Benner
Renungan harian katholik Bacaan Injil : Luk 24: 13 - 35
*Hari Minggu Paskah III*
23 April 2023
Sebelum membaca renungan hari ini,
mari kita membaca terlebih dulu Bacaan hari ini:
Bacaan I : Kis 2: 22 - 33
Bacaan II : 1 Ptr 1: 17 - 21
Bacaan Injil : Luk 24: 13 - 35
*<<>>*
Saudara-saudari terkasih
Seperti anak ayam kehilangan induknya, seperti itu juga saat seseorang kehilangan arah hidup. Orang bisa kehilangan arah hidup itu bisa disebabkan oleh banyak hal: kehilangan pekerjaan, ditinggal selamanya orang tua atau kekasih, kehilangan hp, mengalami kegagalan, dll. Bila orang terhanyut dalam apa yang buruk atau yang membuat sakit hati mendalam yang dialami, hidupnya menjadi hampa dan tidak bergairah.
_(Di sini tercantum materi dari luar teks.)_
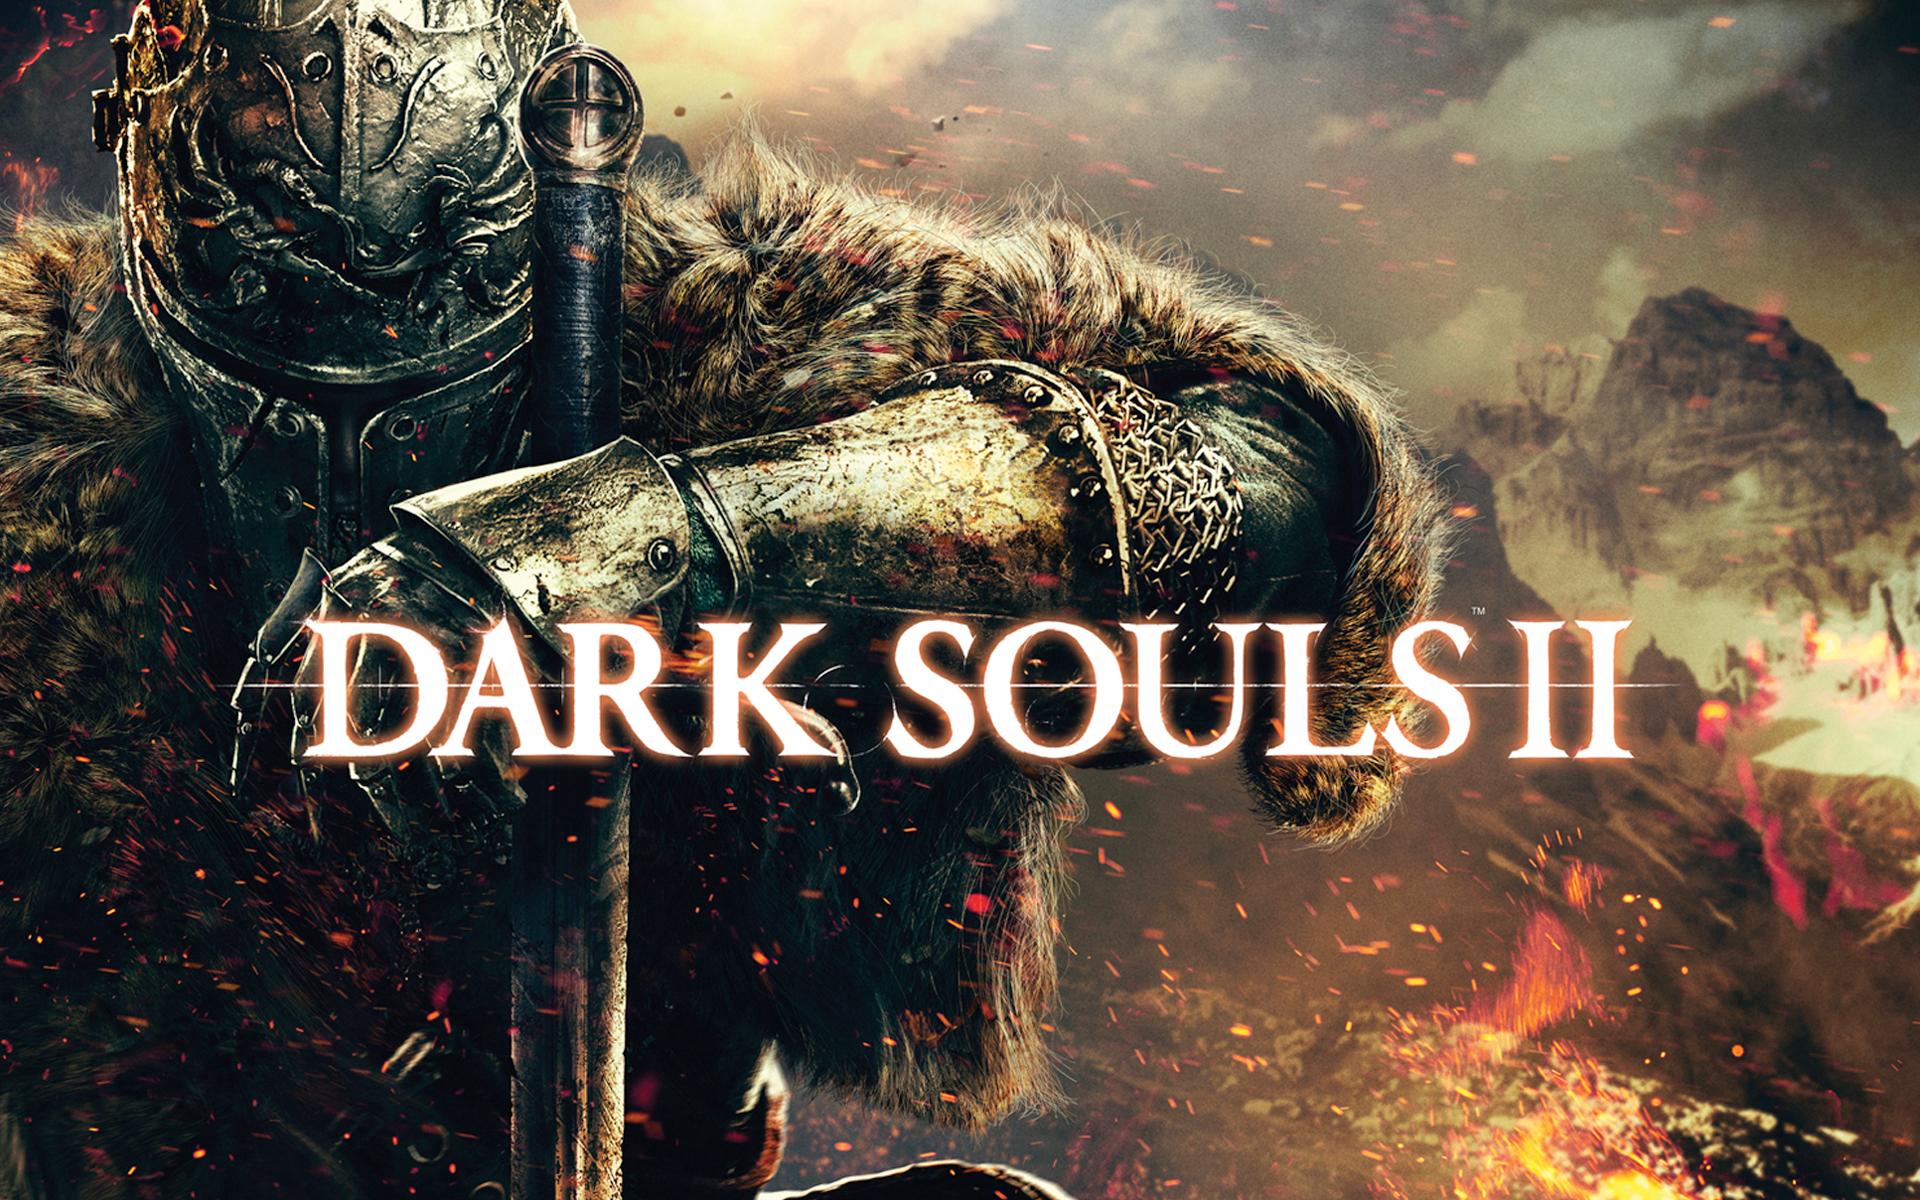 dark souls 2 video game 2o wallpaper hd

Hari ini, dua murid Tuhan Yesus pulang kampung Emaus. Setelah kematian Tuhan Yesus di kayu Salib, mereka kehilangan arah hidup. Mereka sudah punya harapan bahwa Tuhan Yesus akan membebaskan bangsa Israel dari penjajah bangsa Romawi. Setelah kehilangan arah hidup, mereka memutuskan untuk kembali ke kampung halamannya. Hidup mereka menjadi tidak bermakna lagi karena harapan mereka sudah pupus.
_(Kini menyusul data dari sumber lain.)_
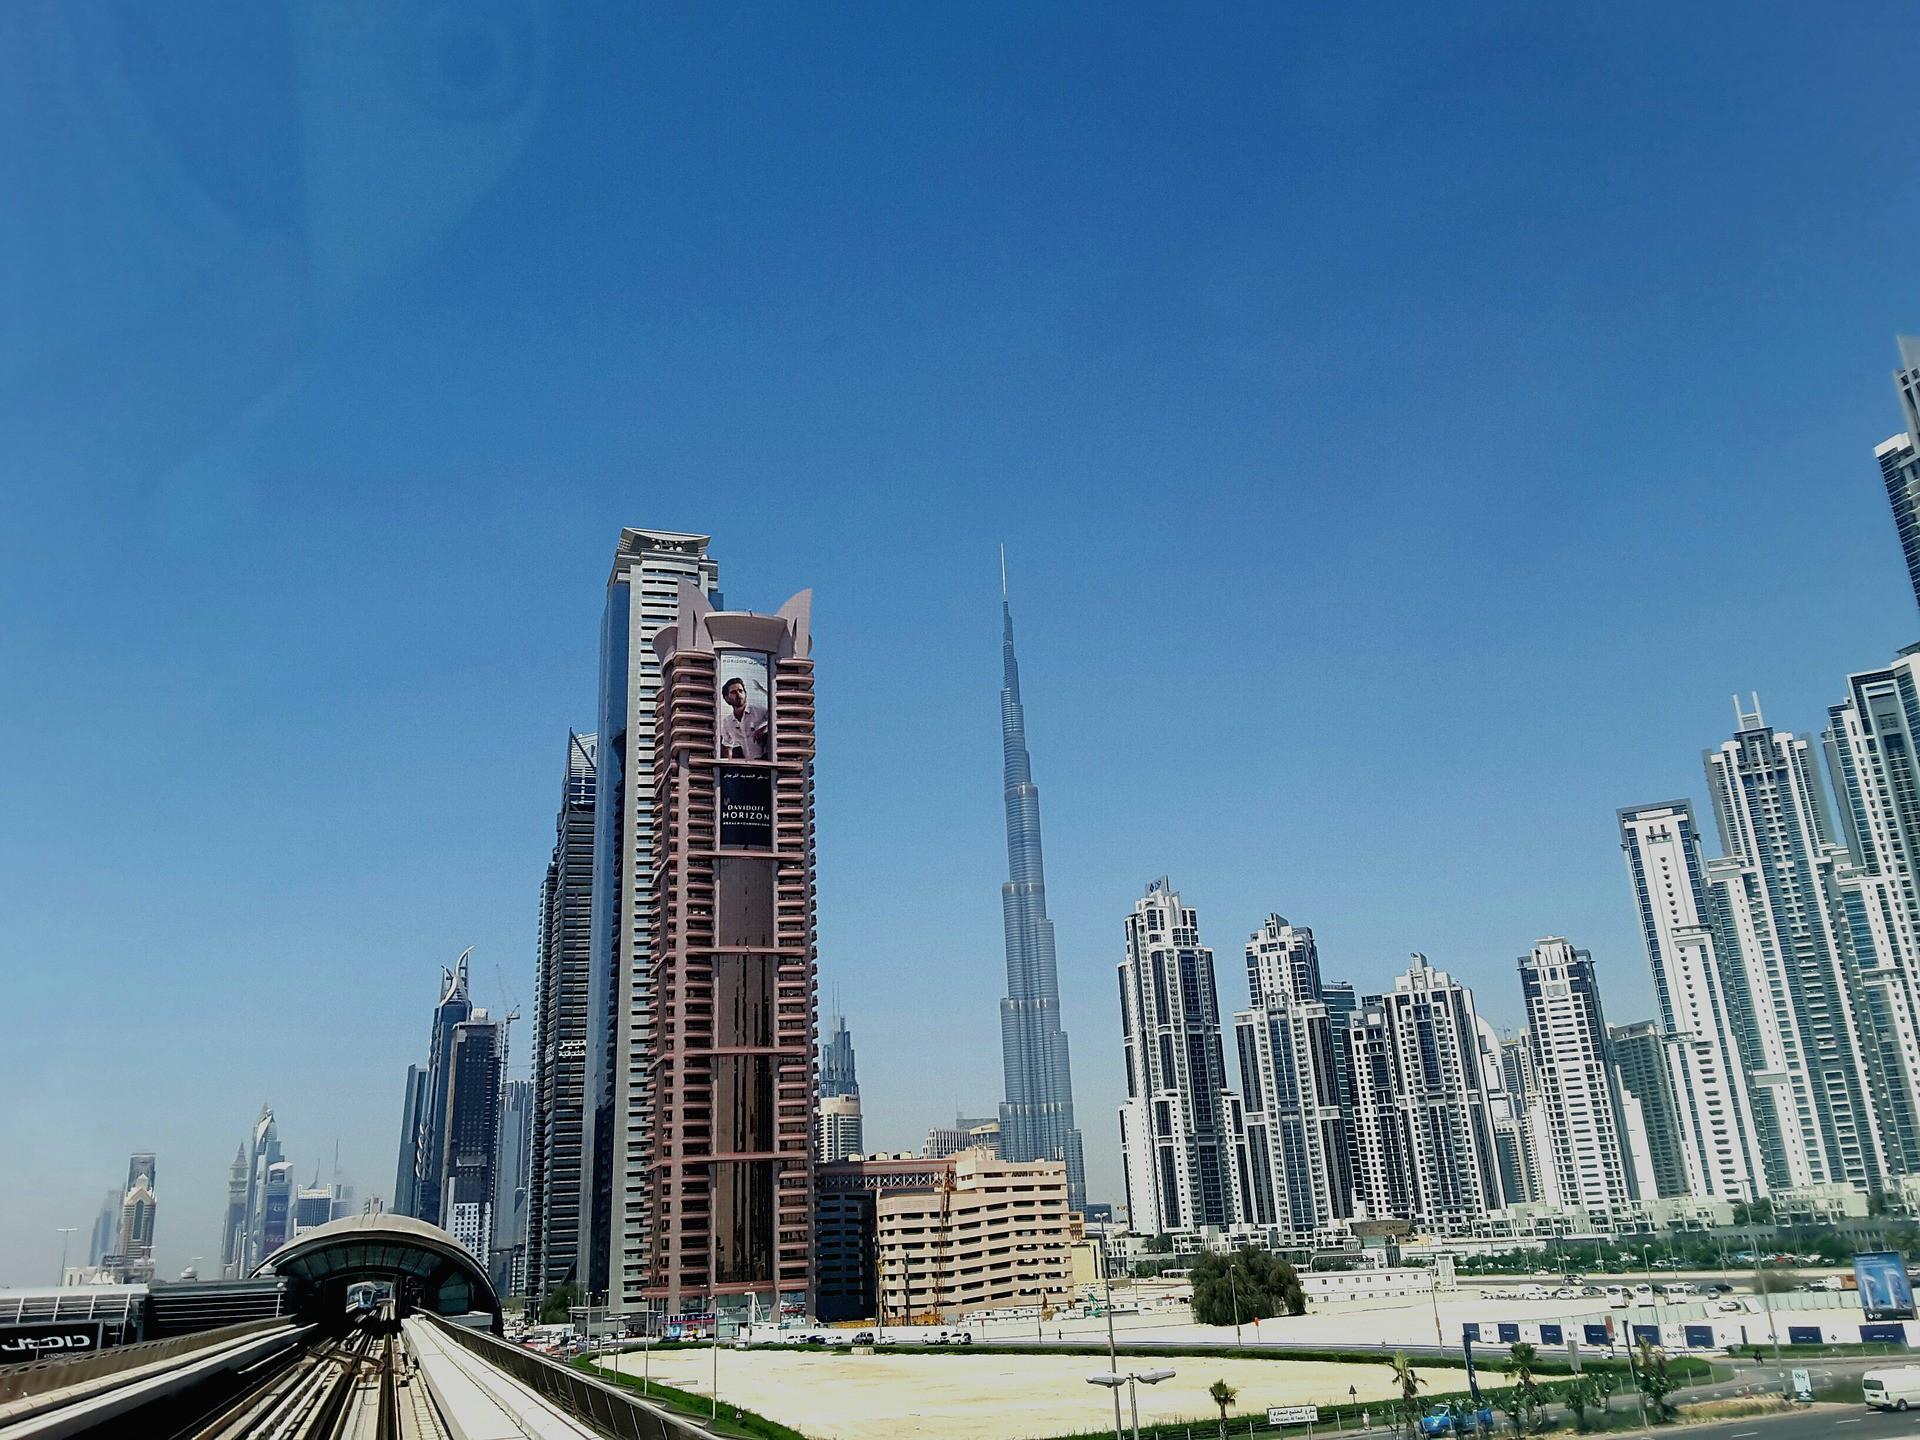 9 Things That Make Dubai A Truly Unique Place

Di dalam perjalanan ke Emaus, Tuhan Yesus menampakkan diri kepada mereka berdua. Walau mereka sudah sekian lama mengikuti-Nya, mereka tidak mengenali-Nya. Mata mereka terhalangi dengan hilangnya harapan di hati.
Saat sudah mendekati desa Emaus, mereka mengajak Tuhan Yesus untuk menginap bersamanya. Di saat Tuhan Yesus mengadakan perjamuan makan, Ia mengambil roti, mengucap berkat, memecah roti dan memberinya pada mereka, terbukalah mata hati mereka. Mereka kembali bisa mengenali Tuhan Yesus yang bangkit.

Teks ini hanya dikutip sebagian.